Stateless validation in a sharded blockchain


Stateless validation refers to a design of a blockchain protocol where validators do not need to store the state locally in order to validate blocks. Originally proposed by Vitalik Buterin in 2017 as a possible direction for Ethereum and subsequently explored by other researchers including Dankrad Feist, stateless validation is a hot research topic because it provides a major scalability and decentralization upgrade for protocols. As the growing state (“state bloat”) of blockchains contains more data over time, there is a greater urgency to address the question of how to store and manage state in the medium to long term.

In short, stateless validation is an elegant design to address the issue of state bloat by putting the onus of storing the state on relatively few nodes in the network. Other validators can then cheaply execute blocks without having to store the ever-growing state by annotating a block with the state witness required to execute the block. More importantly, those expensive nodes which do store the full state cannot do anything malicious, as the validity of blocks rely on approvals from those stateless validators.
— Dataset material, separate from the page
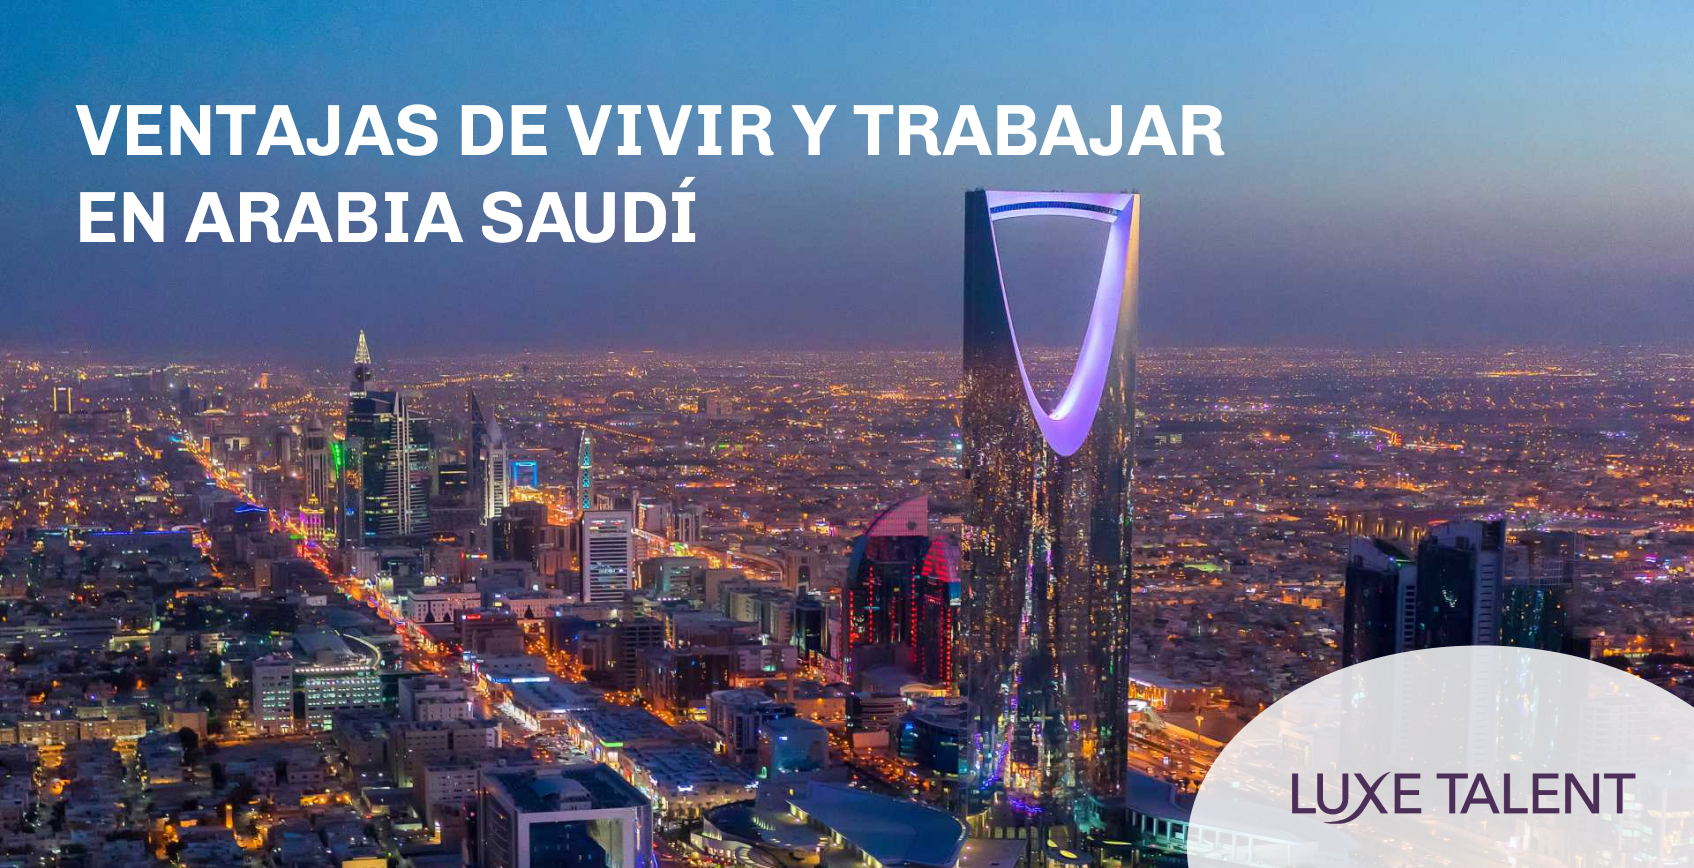 Ventajas de vivir y trabajar en Arabia Saudí | Blog | Luxe Talent

In the design outlined above, the state-storing nodes with higher hardware requirements still need to store the full state, which means that at some point, they will still face the conundrum of state size outgrowing their hardware capacity. Sharding, on the other hand, is another scaling technique that addresses the state growth issue by dividing the state into multiple shards so that no validator ever needs to store the full state. It turns out that if we combine stateless validation with sharding, we can design a highly scalable blockchain that is also very decentralized.

Design Overview

The overall design is as follows:

  • There are two types of validators: Chunk Proposers, who are responsible for packaging transactions and creating chunks (shard blocks), including state witness needed to execute chunks. Chunk proposers need to have the state of the shard they are responsible for stored locally. Stateless Validators, who do not store the state of any shards locally and instead rely on state witness provided by chunk proposers to validate chunks.
  • Stateless validators are assigned to each shard randomly on every block. The assignment is determined by an onchain randomness beacon. When they receive a chunk, alongside its state witness, they execute the chunk using the state witness to verify whether the new state root matches the one claimed by the chunk proposer who produces the chunk. If the new state roots match, they would send an endorsement of the chunk to the next block producer. A chunk can be included in a block only if it has more than 2/3 endorsements from validators responsible for that chunk.

Security Analysis

A question that naturally arises in sharded blockchains is the security of the system. In this stateless validation design, the security of each shard relies on the random assignment of validators to shards and the frequent rotation of validators. More specifically, let’s assume that there are a total of n validators (with equal stake) and at most 1/3 of them are malicious. There are s shards and k validators are assigned to each shard at every block, so n = sk. Then the probability of a shard getting corrupted can be analyzed as follows (here p denotes the probability of a randomly chosen validator being malicious):

  • If we only sample validators for one shard, then the probability of sampling l malicious validator is the hypergeometric distribution
P(X=l) = \frac{{k\choose l} {n-k\choose k-l}}{{n\choose k}}

Using chernoff bound we know that the probability of this sampling being bad, i.e, having more than 2/3 malicious validators is

P(X\ge 2k/3) \le e^{-D(p + 1/3||p)k} = e^{-\frac{k}{3}}
  • For s samplings, the probability of at least one getting corrupted is
P_{bad} \le \sum_{i=1}^{s} P(\textrm{one shard is corrupted}) \le se^{-\frac{n}{3s}}

When n and k are large, i.e, there are many validators assigned to the same shard, the last term se^{-\frac{n}{3s}} can be made negligbly small.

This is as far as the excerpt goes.